Magnetic properties and heat capacity of the three-dimensional frustrated $S=\frac{1}{2}$ antiferromagnet ${\mathrm{PbCuTe}}_2{\mathrm{O}}_6$

We report magnetic susceptibility $\left(\chi \right)$ and heat capacity $\left(C_p\right)$ measurements along with ab initio electronic structure calculations on ${\mathrm{PbCuTe}}_2{\mathrm{O}}_6$, a compound made up of a three-dimensional (3D) network of corner-shared triangular units. The presence of antiferromagnetic interactions is inferred from a Curie-Weiss temperature $({\theta }_{\mathrm{CW}})$ of about $-22$ K from the $\chi \left(T\right)$ data. The magnetic heat capacity $C_m$ data show a broad maximum at $T^{\max }\simeq 1.15$ K (i.e., $T^{\max }/{\theta }_{\mathrm{CW}}\simeq 0.05)$, which is analogous to the the observed broad maximum in the $C_m/T$ data of a hyper-kagome system, ${\mathrm{Na}}_4{\mathrm{Ir}}_3{\mathrm{O}}_8$. In addition, $C_m$ data exhibit a weak kink at $T^{*}\simeq 0.87$ K. While the $T^{\max }$ is nearly unchanged, the $T^{*}$ is systematically suppressed in an increasing magnetic field $\left(H\right)$ up to 80 kOe. For $H\ge 80$ kOe, the $C_m$ data at low temperatures exhibit a characteristic power-law $\left(T{}^{\alpha }\right)$ behavior with an exponent $\alpha$ slightly less than 2. Hopping integrals obtained from the electronic structure calculations show the presence of strongly frustrated 3D spin interactions along with non-negligible unfrustrated couplings. Our results suggest that ${\mathrm{PbCuTe}}_2{\mathrm{O}}_6$ is a candidate material for realizing a 3D quantum spin liquid state at high magnetic fields.

Figure 1

The Rietveld refinement for the powder x-ray diffraction of ${\mathrm{PbCuTe}}_2{\mathrm{O}}_6$. The open circles indicate the observed data, while the Rietveld refinement fit is shown as a red solid line.

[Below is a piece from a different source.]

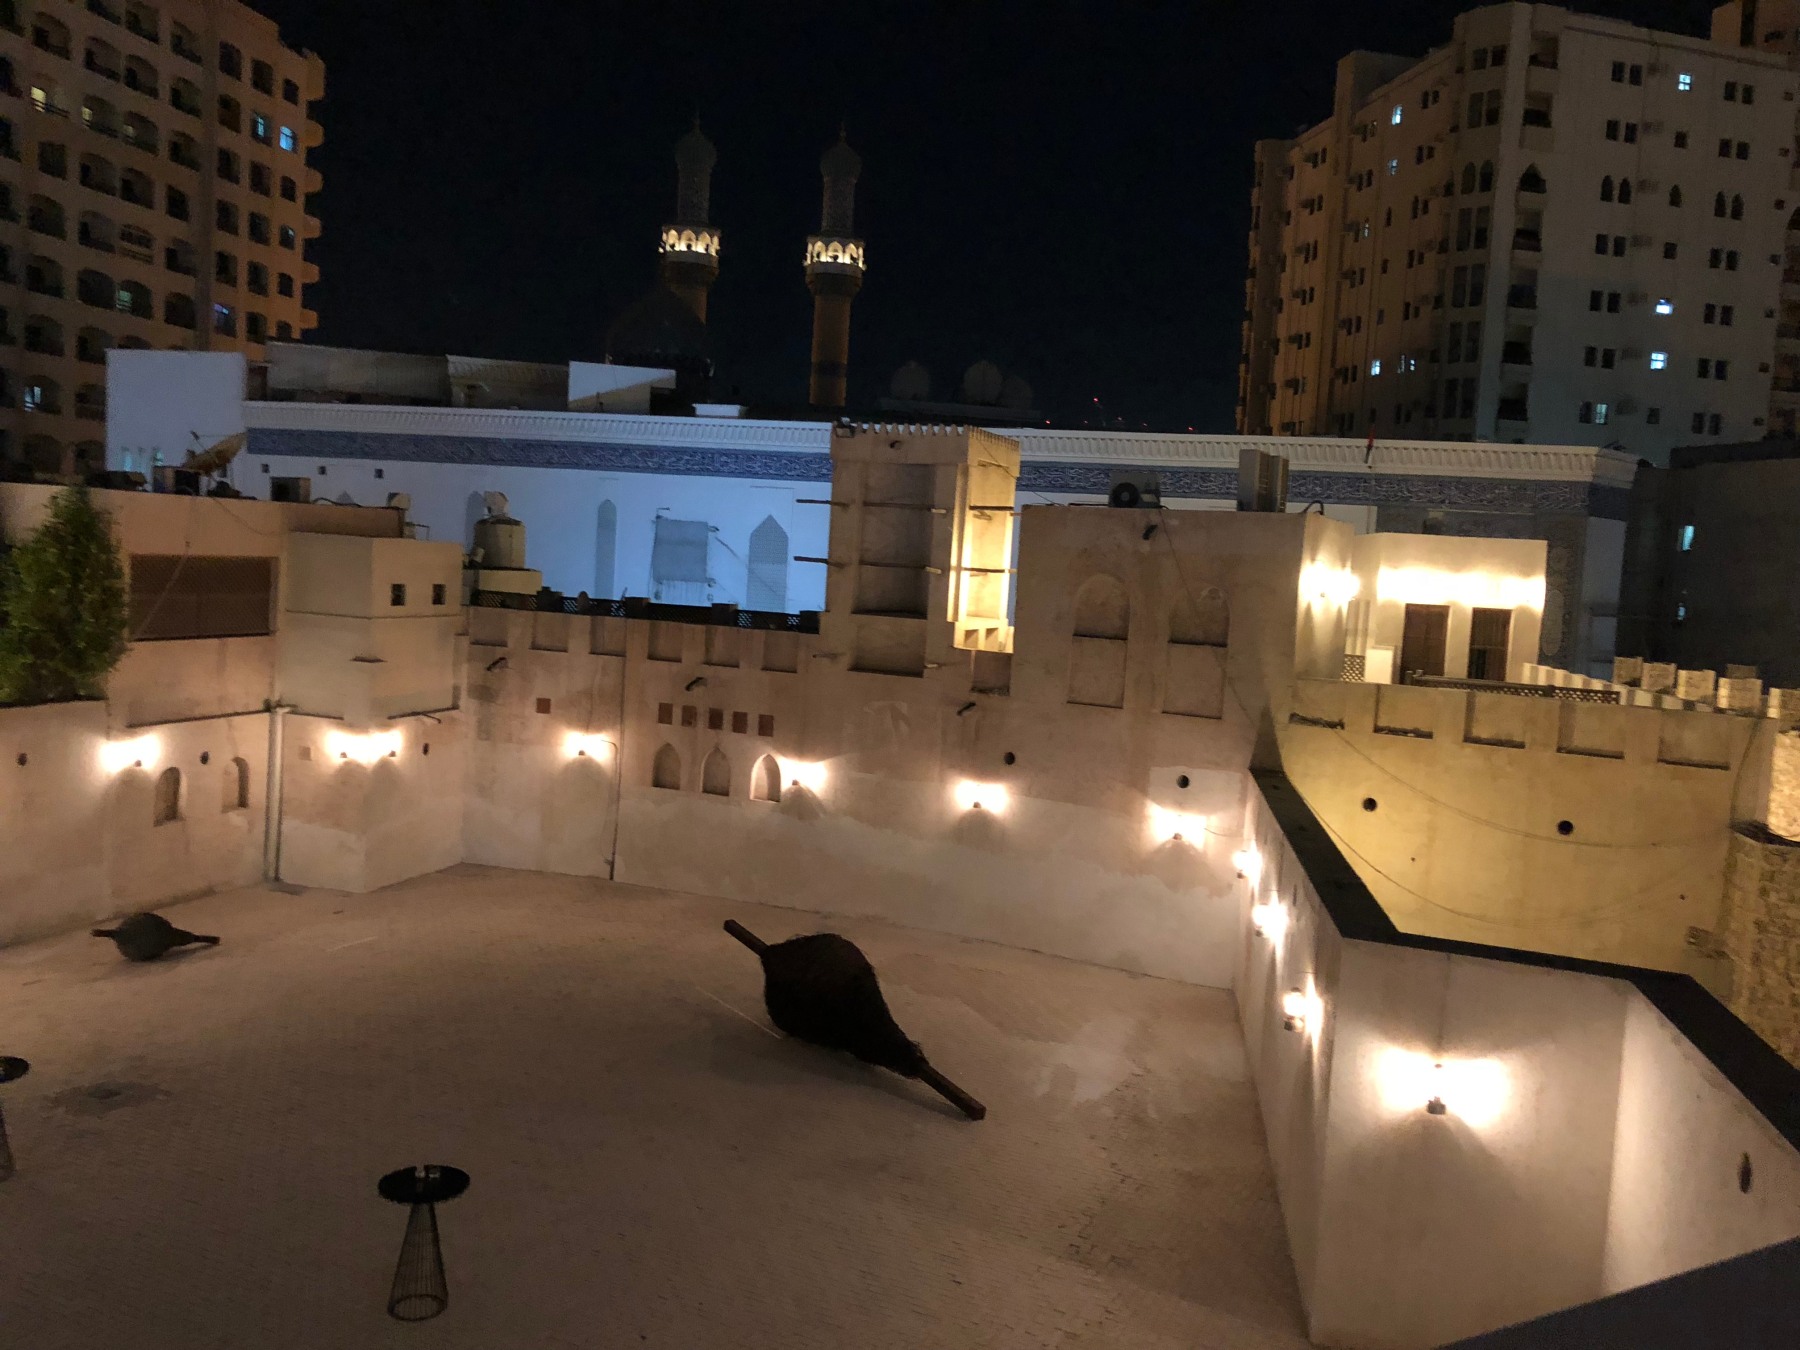 Hassan Sharif: I Am The Single Work Artist, installation view, Sharjah Art Foundation (2017)

The Bragg positions and the difference curve are denoted by vertical blue dashes and green line, respectively. The residual parameters for the Rietveld refinement are $R_p\simeq 3.099\%$, $R_{\mathrm{wp}}\simeq 4.279\%$, $R_{\exp }\simeq 2.024\%$, $R_{\mathrm{Bragg}}\simeq 1.916\%$, and goodness of fit (GOF) $\simeq 2.113,$ respectively.

Figure 2

(a) The crystal structure of ${\mathrm{PbCuTe}}_2$O${}_6.$ (b) The Cu network is built up of corner-shared triangles of two kinds (blue and red) with different Cu-Cu bond lengths 4.37 and 5.60 $\AA$, respectively. (c) Formation of triangles (blue) by the first $nn$ between Cu atoms with a bond length of 4.37 $\AA$. (d) A hyper-kagome network (with red triangles) is formed when only the second $nn$ between the Cu atoms of the bond length 5.60 $\AA$ are considered. (e) The third $nn$ bond makes the uniform chains, which pass along all three crystallographic directions.

Figure 3

(a) The temperature dependence of the magnetic susceptibility $\chi \left(T\right)$ (left $y$ axis) is shown. The $1/(\chi -{\chi }_0)$ data (right $y$ axis) is fitted to the inverse-Curie-Weiss law. Inset shows the variation of magnetic susceptibility with temperature (note the logarithmic scale) in zero-field-cooled (ZFC) and field-cooled (FC) conditions in a magnetic field of 100 Oe. $\left(b\right)$ Heat capacity $C_p$ vs $T$ in zero field with the fit to the lattice (solid line). Inset shows the low-$T$ data of $C_p$ vs $T$.

Figure 4

$C_m/T$ vs $T$ in various fields. The red line is a fit to the power law $\left(C_m\propto T^{\alpha }\right)$ behavior.

Figure 5

The variation of $T^{*}$ and $T^{\max }$ with the applied magnetic fields. Inset shows the plot of $C_m/T^2$ vs $T$. The black arrow marks indicate the positions of $T^{*}$. Note that the data in the inset is shifted along the $y$ axis for clarity.

Figure 6

(a) Non-spin-polarised band dispersion along various high-symmetry directions. Inset shows the crystal-field splitting corresponding to the square planar environment. (b) Wannier interpolated bands superimposed on the DFT bands.

Figure 7

Effective Cu $d_{x^2-y^2}$ Wannier function plot.